A biologically inspired computational model of insect perception

Sashank Pisupati

Motivation

Much of our current understanding of perception involves a reduction in dimensionality of the stimulus, and then learning some features and behaviours of these lower dimensional units, which may help simulate certain aspects of the physical world.

One well studied example is how bees utilize optic flow information from their visual field as a heuristic to avoid obstacles, modulate flight etc.Implementing such a model in a biologically plausible neural network may help gain insight into perceptual processes in higher vision systems such as the human cortex.

Background

A lot has been understood about the neural architecture underlying perceptual processes such as vision. For example, in the visual system, it is quite well known that edge detection can be achieved through a hierarchical system: Individual neurons are first tuned to many small regions of the visual field, and adjacent such neurons can be linked together to form a rudimentary edge. Many such groups can form neurons that are tuned to specific orientations of edges in the visual field. These can then be further abstracted to yield basic “physics” models such as rotations(gradual change in orientations), translations(same orientation spreading its activation across the visual field) etc. Hence computational models of these have been built, like the orientation columns in the monkey striate cortex (Hubel&Wiesel)

Meanwhile, a lot of progress has been made in biologically relevant neural networks that have architectures similar to that of the cortex. Classical neural networks (feedforward perceptrons, based on the McCulloch Pitts neuron, as well as recurrent such as the Hopfield networks) face many issues, since they require large training sets, and methods that were proposed to improve error correction, such as the backpropagation algorithm, are seen to be biologically implausible.

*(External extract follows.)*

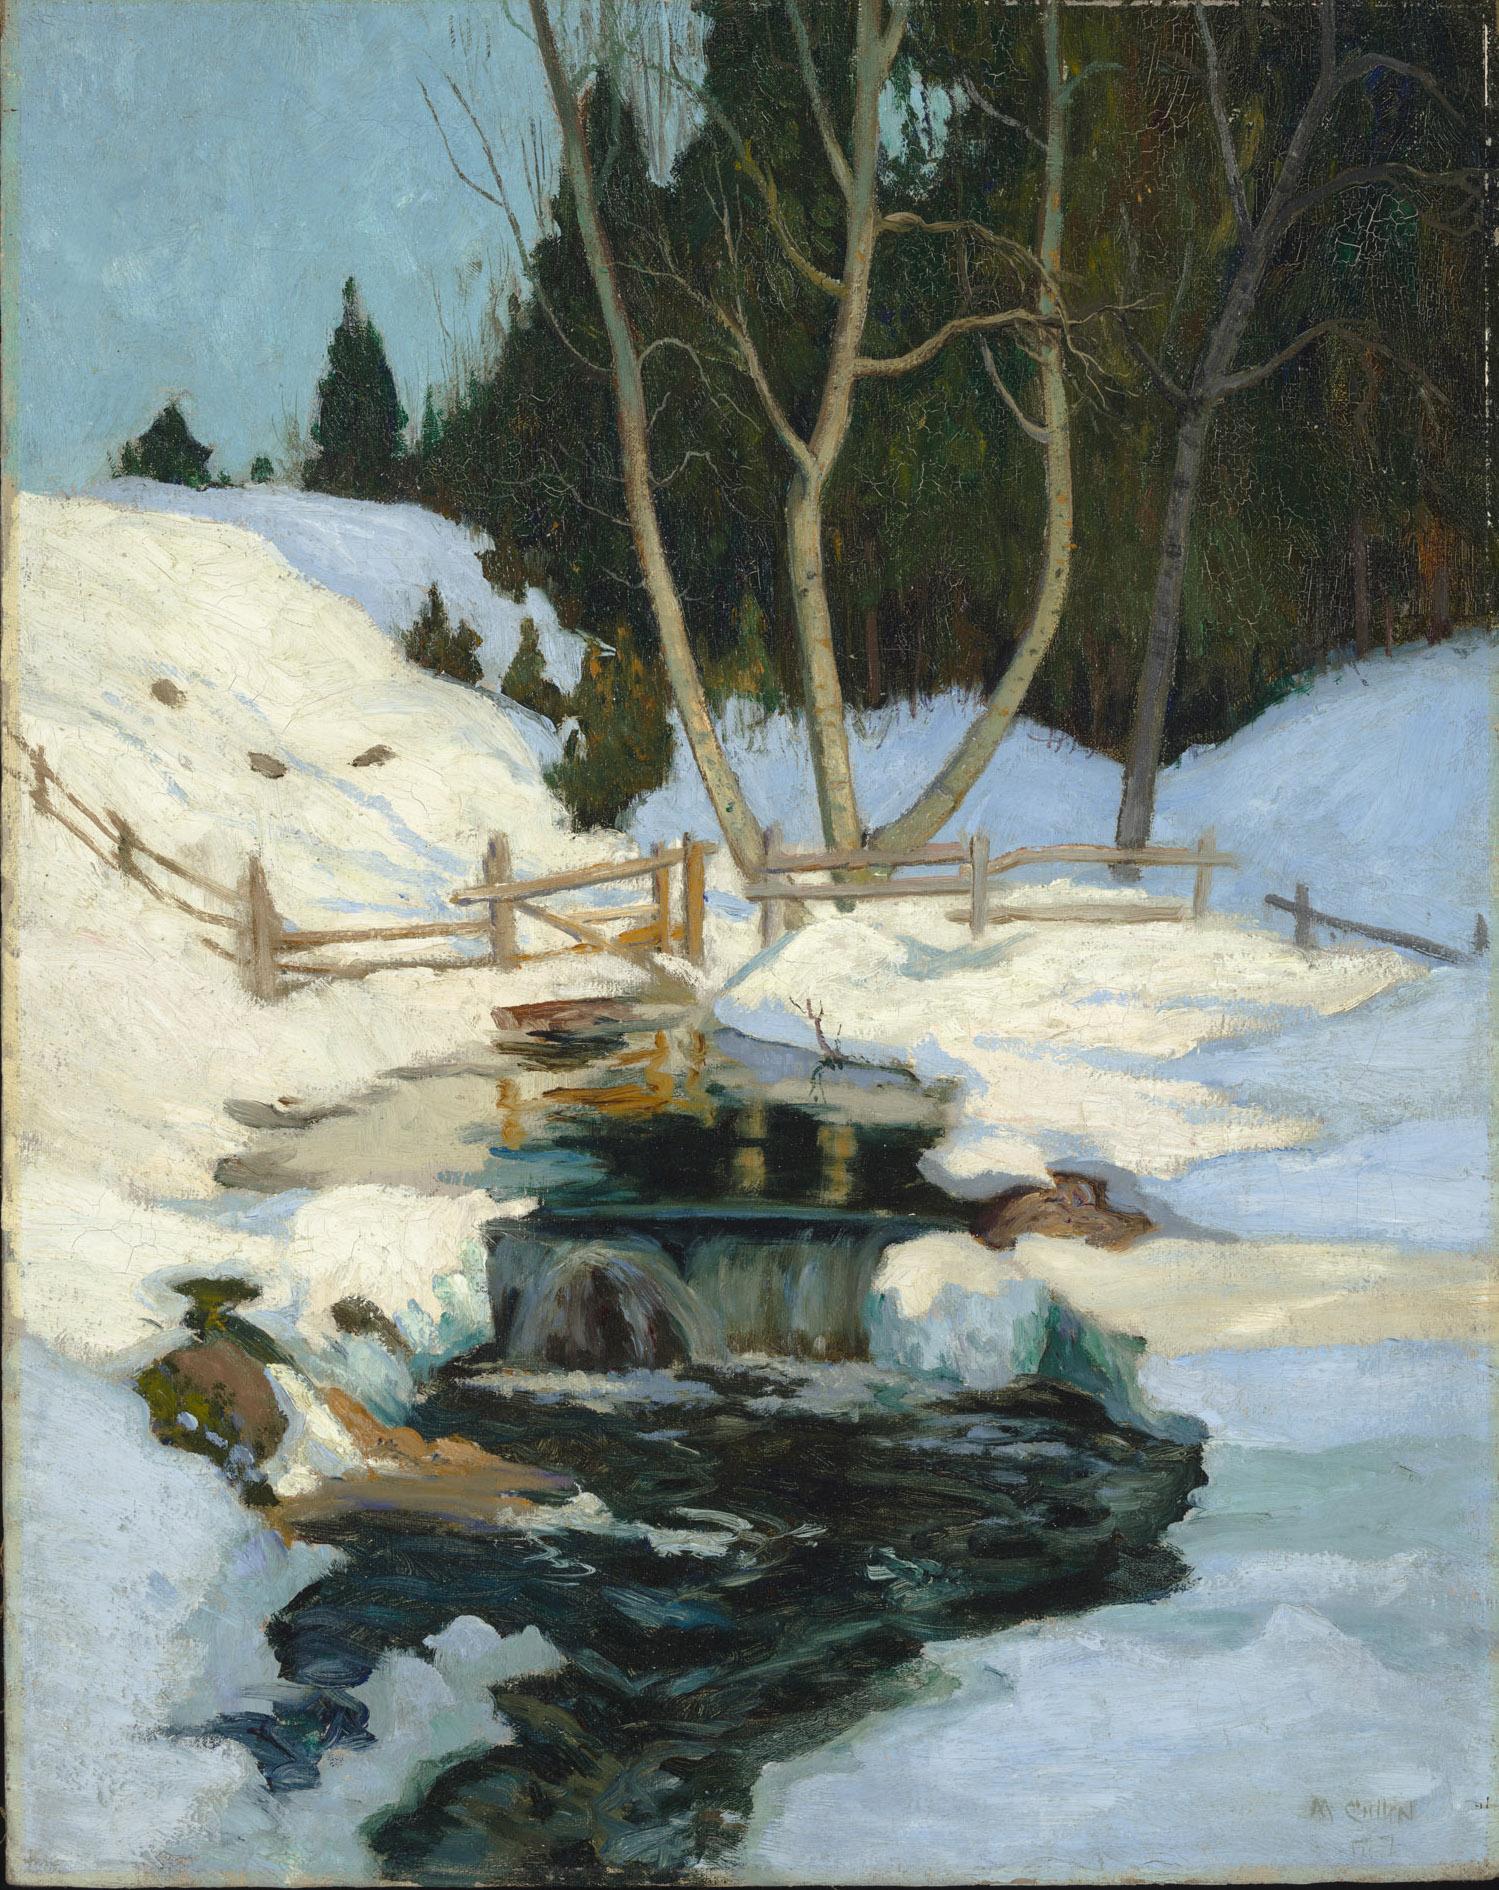 Maurice Cullen, La fonte des neiges

To address this, some recent approaches involve so called “deep learning” which address the problems of back propagation etc, two of the most important approaches being Long Short Term Memory and multiple non-linear, levels in a Restricted Boltzmann machine. The first approach (Hochwreiter &Schmidhuber) of LSTM, involves having certain gates that determine if an input is significant to remember or not. This is reminiscent of the perceptual salience landscape in animals, which biases a network towards or against remembering an input, through the use of neuromodulators. The second (Hinton et. al) that uses a RBM,  involves having feature detectors at multiple levels (eg: pixels, edges, orientations) where all levels can learn regularities in the environment in an unsupervised manner, and this helps the network learn supervised training sets extremely fast using top down passes. This is also reminiscent of the hierarchical columns present in the visual cortex that process the stimulus at different levels, and backpropagation can be in the form of a top down bias. These approaches have been very successful in many tasks such as handwriting recognition etc. and seem to be good explanatory models.

Parallely, simpler vision modules, such as optic flow and motion detection in lower animals like insects, have been well studied. For example, bees use a simple optic flow method to avoid obstacles: by maintaining the optic flow of their left and right visual fields at a constant value, they can navigate narrow gaps quite well, similarly by maintaining constant frontal optic flow they can modulate landing speed.(Srinivasan et.al)

Proposal

Given these developments, I propose to implement a simple perceptual system such as that of the bees’ optic flow, in a biologically plausible network such as the deep belief net/LSTM network. Since insect models have been very well studied and characterized at the level of neural architecture itself, such an implementation would help better understand both the explanatory merit of deep learning approaches as well as understand the computations possibly occurring in the actual organism(since high level models of primate/human visual systems, while they can achieve great success at tasks, may be difficult to extend to the biological networks themselves, however insect models can be dissected and the models can possibly yield predictions that can be tested)

References

Hinton, Geoffrey E., Simon Osindero, and Yee-Whye Teh. "A fast learning algorithm for deep belief nets." Neural computation 18.7 (2006): 1527-1554.

Bengio, Yoshua, et al. "Greedy layer-wise training of deep networks." Advances in neural information processing systems 19 (2007): 153.

Hochreiter, Sepp, and Jürgen Schmidhuber. "Long short-term memory." Neural computation 9.8 (1997): 1735-1780.

M.V. Srinivasan (2011) Honeybees as a model for the study of visually guided flight, navigation, and biologically inspired robotics. Physiological Reviews 91, 389-411 (With cover illustration)

Frontiers in Sensing, F.G. Barth, J.A.C. Humphrey and M.V. Srinivasan (eds), Springer-Verlag, Berlin, Heidelberg (in press).

Doya, Kenji. "Metalearning and neuromodulation." Neural Networks 15.4 (2002): 495-506.